Si la habitación compartida en Rodeo fue motivo de comentario para algún integrante de la comitiva (por la falta de privacidad), con mayor razón merecieron lamentaciones las ásperas condiciones de vida en los 4.000 metros sobre el nivel del mar donde se ubica el campamento de Veladero.
Fue el miércoles 23 de septiembre. El día comenzó temprano en extremo. A las 5 de la madrugada todos los integrantes de la comitiva debían estar fuera de la cabaña, con el equipaje embalado y prestos a abordar el bus que sería el lugar donde más horas pasarían el resto de la jornada, hasta las 23.
Las recomendaciones comenzaron apenas arrancó el vehículo pesado. Ingerir abundante agua, en pequeños sorbos, hasta alcanzar al menos los dos litros. Colocarse las gafas oscuras –provistas por la empresa minera- incluso dentro del bus debido a la radiación ultravioleta en la alta montaña. Cambiarse el calzado “civil” por los borceguíes industriales. Usar el casco protector en todo lugar para protegerse en caso de que vuele una roca, aunque parezca poco probable. Fundamentalmente, ser respetuoso de los horarios: cinco minutos para tomar fotografías en determinado punto jamás podrían ser seis minutos.
Tanto reglamento, cuasi-marcial, fastidió a algunos. “¡Así no se puede trabajar! ¡Si querés, no saco más fotos y listo!”, protestó un fotógrafo de un importante medio de comunicación nacional. “Quiero aclarar que las condiciones de seguridad de la mina son innegociables”, respondió escueto el responsable de coordinar el grupo.
Habían pasado las 7.30 cuando el contingente atravesó el umbral de Tudcum, donde se encuentra la garita de ingreso a Veladero. De ahí en más, restaban 4 horas de ascenso a no más de 40 kilómetros por hora, velocidad máxima permitida para vehículos pesados. La huella minera invitaba a acelerar porque un tratamiento con sales le da aspecto de solidez y sensación de asfalto. Pero es sólo una sensación. Y la alta montaña no perdona las imprudencias, según explicaron los anfitriones.
De ahí en adelante el paisaje mostró un abanico de colores que sólo quien conoce la cordillera puede dimensionar.

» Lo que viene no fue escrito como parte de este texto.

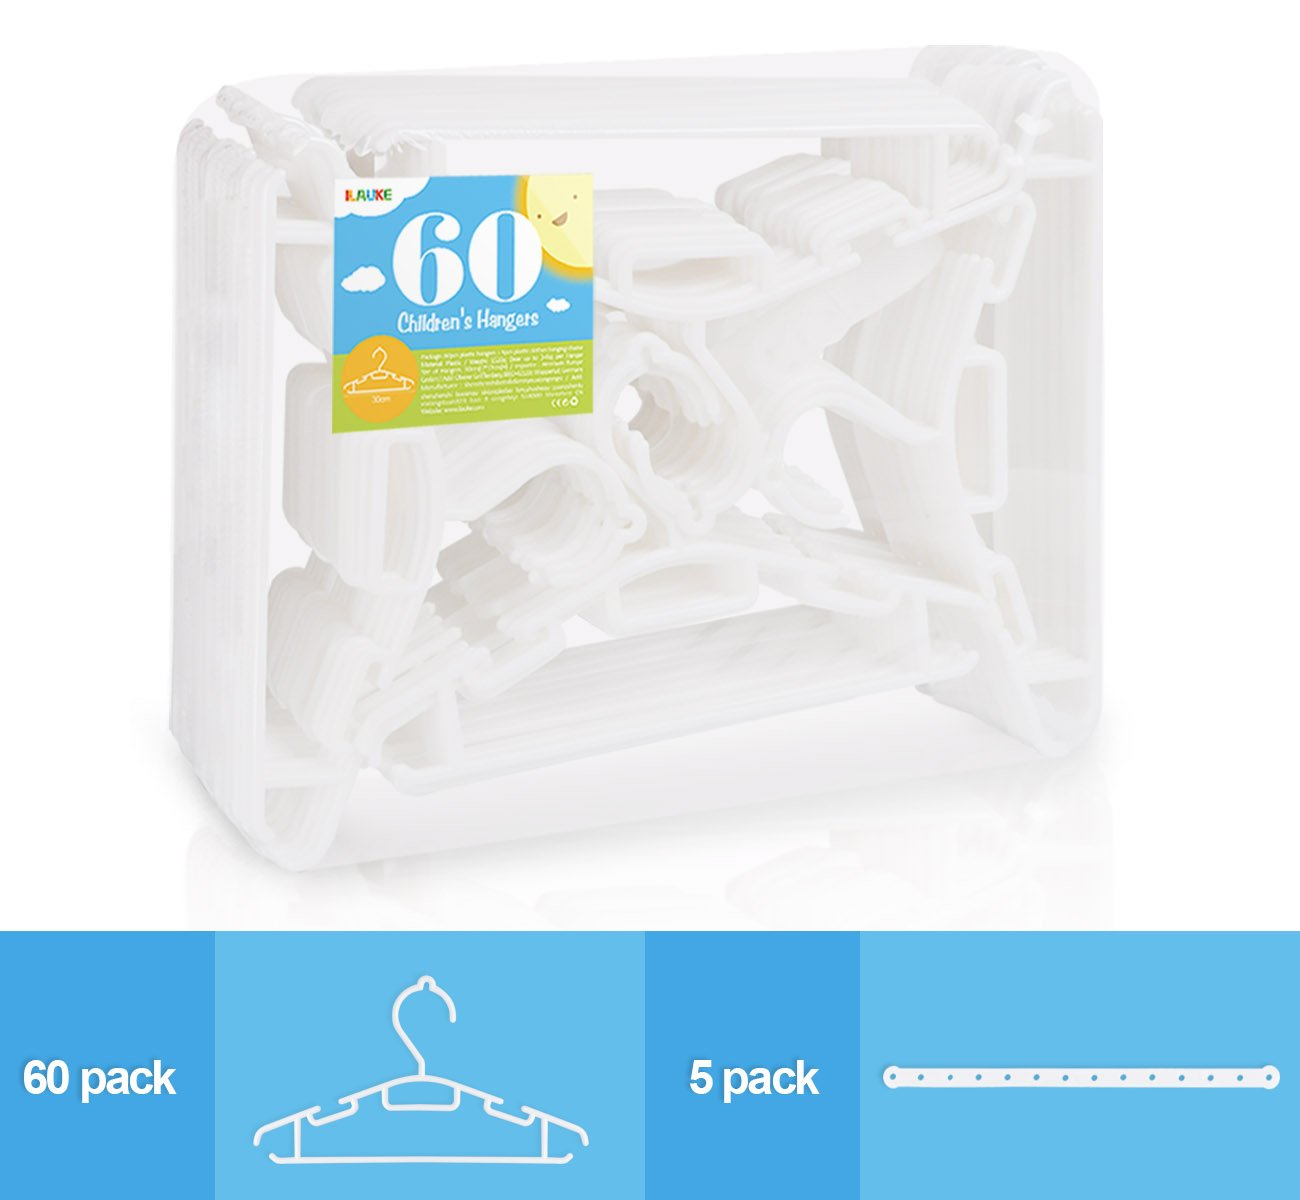 60 Pack Non-slip White Tubular Childrens Hangers 12 Inch for Kids Baby Infant Toddler with Plastic Hanger Straps by ilauke

Grupos de guanacos serenos observaron a la distancia el bus que se desplazaba lento por la inmensidad. “Noten cómo no se espantan, porque aquí nadie los persigue ni los molesta: hemos conseguido aumentar significativamente la población de guanacos”, destacó el guía minero, tratando de convencer a los comunicadores porteños.
La ocasión sirvió para hablar del plan de reimplantación de vegas. Esos “oasis” de pastos duros y agua buena para los animales que crecen en medio de la aridez de la roca, que Barrick se propone recuperar porque desaparecieron 25 hectáreas por el proyecto Veladero. Llevan 20 hectáreas reimplantadas –algunas con mayor éxito que otras- según dijeron los conductores del grupo.
“Están tomando agua, ¿no?”, insistió una geóloga de la compañía a cada instante. El oxígeno empezaba a faltar. En realidad, no hay menos oxígeno en la alta montaña que a nivel del mar, pero cuesta más asimilarlo, por la menor presión atmosférica. Como sea, el impacto en el organismo comenzó a sentirse. Y el preciado gas envasado en tubo inició su ronda entre las butacas del bus, para aliviar la cefalea de los pasajeros.
“¡Yo no sufro más! ¡Pedí oxígeno vos también, ya vas a ver que se te pasa todo! ¿Qué necesidad de sufrir? ¡Pedí oxígeno y listo!”, aconsejó eufórico un periodista a otro, celebrando el efecto de la mascarilla que recién había abandonado.